The Annual Report 2019 was published on 30 November 2020, seven months later than the regular annual publication date. The impact of the Covid pandemic notwithstanding, this is a long delay given the acknowledged parliamentary, media and public interest in the issue of arms transfer controls. In the absence of a functioning Committees on Arms Export Controls until now since the disbanding of the last Committees, there has been a major gap in scrutiny of arms export policy, to which transparency is crucial.

 

Ministerial evidence

 

In the Foreword, the Secretaries of State repeat the UK’s “continued commitment to transparency and accountability.” I look forward to the Government providing Ministers to appear before the Committees for questioning. This has long been a significant gap in transparency and accountability.

 

Format of the Annual Report

 

The format of the Annual Report allows for the repetition of much pro forma material with occasional updates to account for the year’s developments. For example, Section 1 (6 pages) is mostly standard information; much of Sections 5, 6, and 7 contain generic information with a small amount of updated material as to developments during the year; the purpose of Section 9 (case studies, two pages) is unclear, as is the rationale for choosing these cases; and the Annex (4 pages) reproduces the Consolidated Criteria. While some of this is general information that a newcomer would find helpful as context, the fact that up to half of the report is extremely general diminishes the contribution to meaningful transparency, in which expert and non-expert observers would be equipped to engage in effective scrutiny of government policy and hold government to account for its policy. 

 

Mismatch in government information and data

 

There are instances of mismatch between the information provided in the Annual Report compared to the annual licensing data found in the “Annual Reports” section of the Strategic Export Controls website[1] – the “Strategic Export Controls: Country Pivot Report” for all countries for 2019. For example, the Annual Report (p6) states that 17,092 SIEL applications and 459 OIEL applications were received in 2019. The annual licensing data, meanwhile, reports that 12,322 SIEL applications and 309 OIEL applications (p12) were received.
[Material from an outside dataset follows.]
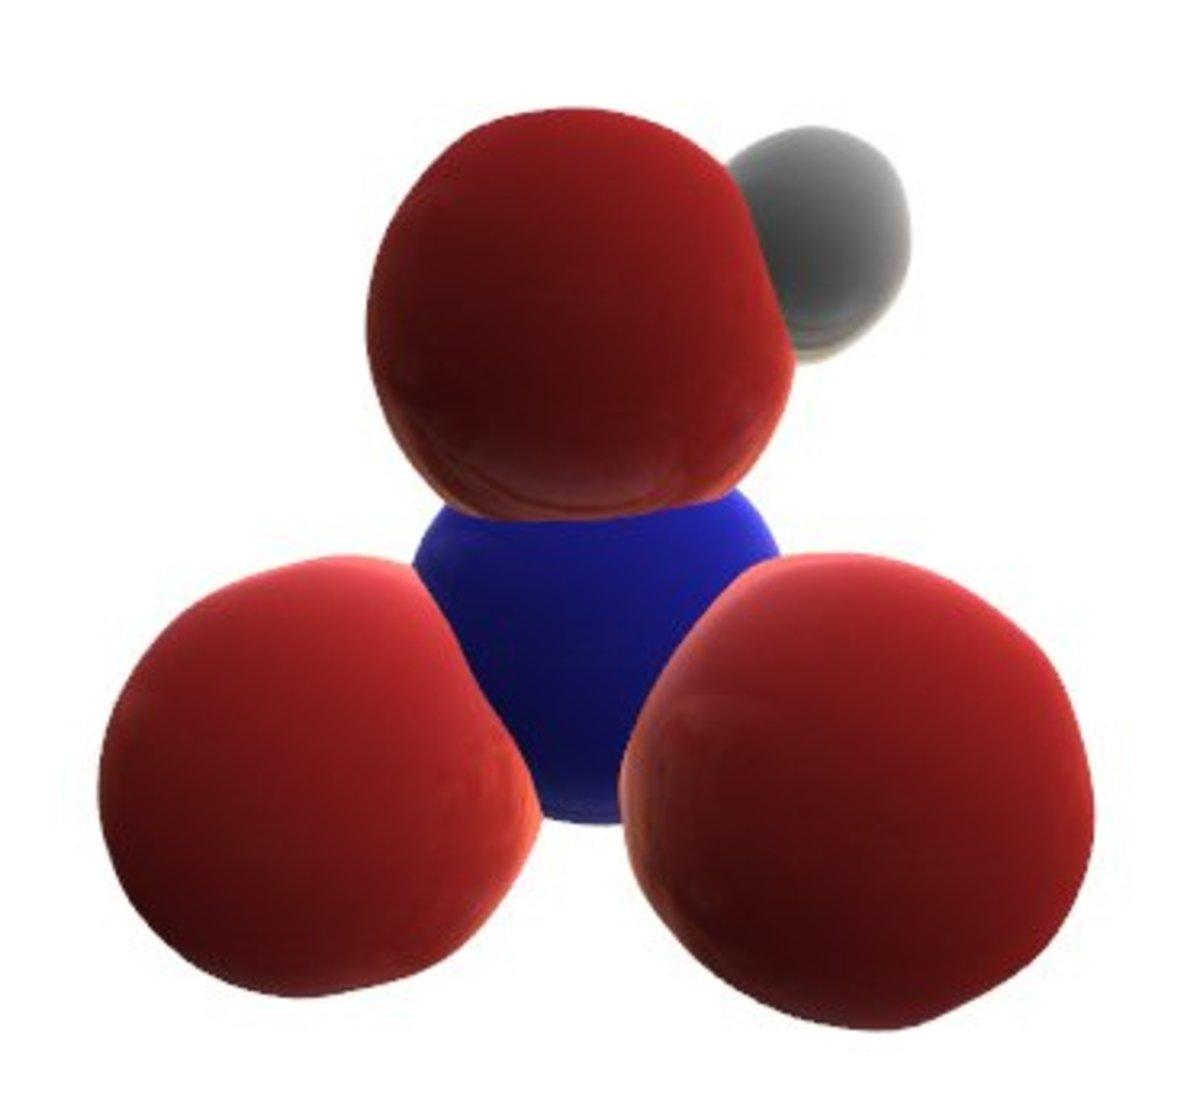 3D molecular model of nitric acid

There are other differences in the data regarding licences issued (see pp 9-13 of the Annual Report and p12 of the annual licensing data). These are significant differences in the most basic of figures; to assist the CAEC in conducting effective parliamentary scrutiny, the government should clarify the differences between the two sets of data. 

 

Increased transparency

 

More meaningful transparency would encompass: a) the provision of statistical information on e.g. the financial value of actual deliveries, items exported and end-user (not just licences granted), the financial value, end-user and type of equipment transferred under open licences (not just the number of transactions undertaken under open licences); and b) more detailed and meaningful explanations of how policy decisions were arrived at, especially where they have been controversial. The willingness of Ministers to appear before the Committees to give evidence would enhance transparency and accountability significantly. 

 

Case study: use of “mirror” licences

 

An example of poor transparency, where more detailed and meaningful narrative explanation and more consistent and accurate presentation of information would assist the CAEC in conducting parliamentary scrutiny, is the government’s use of so-called mirror licences in response to the 2019 Court of Appeal ruling on transfers to Saudi Arabia. On p17 the Annual Report notes the locking of OGELs in response to the ruling, to prevent new exporters registering to use them, and the creation of mirror licences that exclude the Saudi-led coalition. This was a response to the Court’s requirement not to issue any new licences. However, what is not stated in the report is that whilst companies newly registering for the mirror OGELs would not be able to transfer weapons to the Saudi-led coalition, the older, locked OGELs remained open for those companies already registered on them. These companies were able to keep delivering weapons and military equipment to the Saudi-led coalition.

 

The omission of this contextual information is significant as it undermines meaningful transparency about the scope and effects of the measure. The measure is presented in the report as being “in consequence of a court undertaking and commitment to Parliament” – so it is clearly being presented as a restrictive measure. But without the knowledge that companies already registered were able to keep delivering, the presentation of the issue only gives half the picture. The wording of the Court of Appeal ruling did not require the government to suspend extant licences; it only required that they not issue new ones. However, the Court’s judgment was that all the existing licences were unlawful and there is a strong argument that all licences ought therefore to have been suspended. If the government were to be fully transparent about this issue, it ought to set out clearly all the steps it took in response the ruling and why it made the decisions it did. The current presentation of information indicates that the government wants to simultaneously claim to be in compliance with the ruling whilst also facilitating supplies to the coalition. The report therefore fulfils the performance of transparency rather than meaningful transparency that can generate accountability.

 

There are also mismatches between the information presented in the Annual Report compared to information available on the government web pages about OGELS for the Collaborative Project Typhoon.[2] On p18 of the Annual Report, the government sets out how many OGELs were changed as a result of the Court of Appeal ruling. It states that in July 2019, new versions of 6 OGELs that exclude Saudi Arabia and its coalition partners as permitted destinations were published. In December 2019, the government “reissued” some OGELs with changes to permitted destinations, locked some existing OGELs, and created mirror versions of some: more than six licences are listed here. It remains unclear how the 6 new OGELs published in July relate to the new/locked/mirror ones published in December. In particular, the OGEL for “military goods: collaborative Project Typhoon” has an uncertain status in this information: in July a new version of this OGEL was published that excludes Saudi Arabia and its coalition partners as permitted destinations; but it is not included in the list of reissued/locked/mirror OGELs published in December 2019. The logic of the government’s process insofar as I can ascertain it is that this OGEL should have been locked to prevent new companies registering, as per the Court of Appeal ruling.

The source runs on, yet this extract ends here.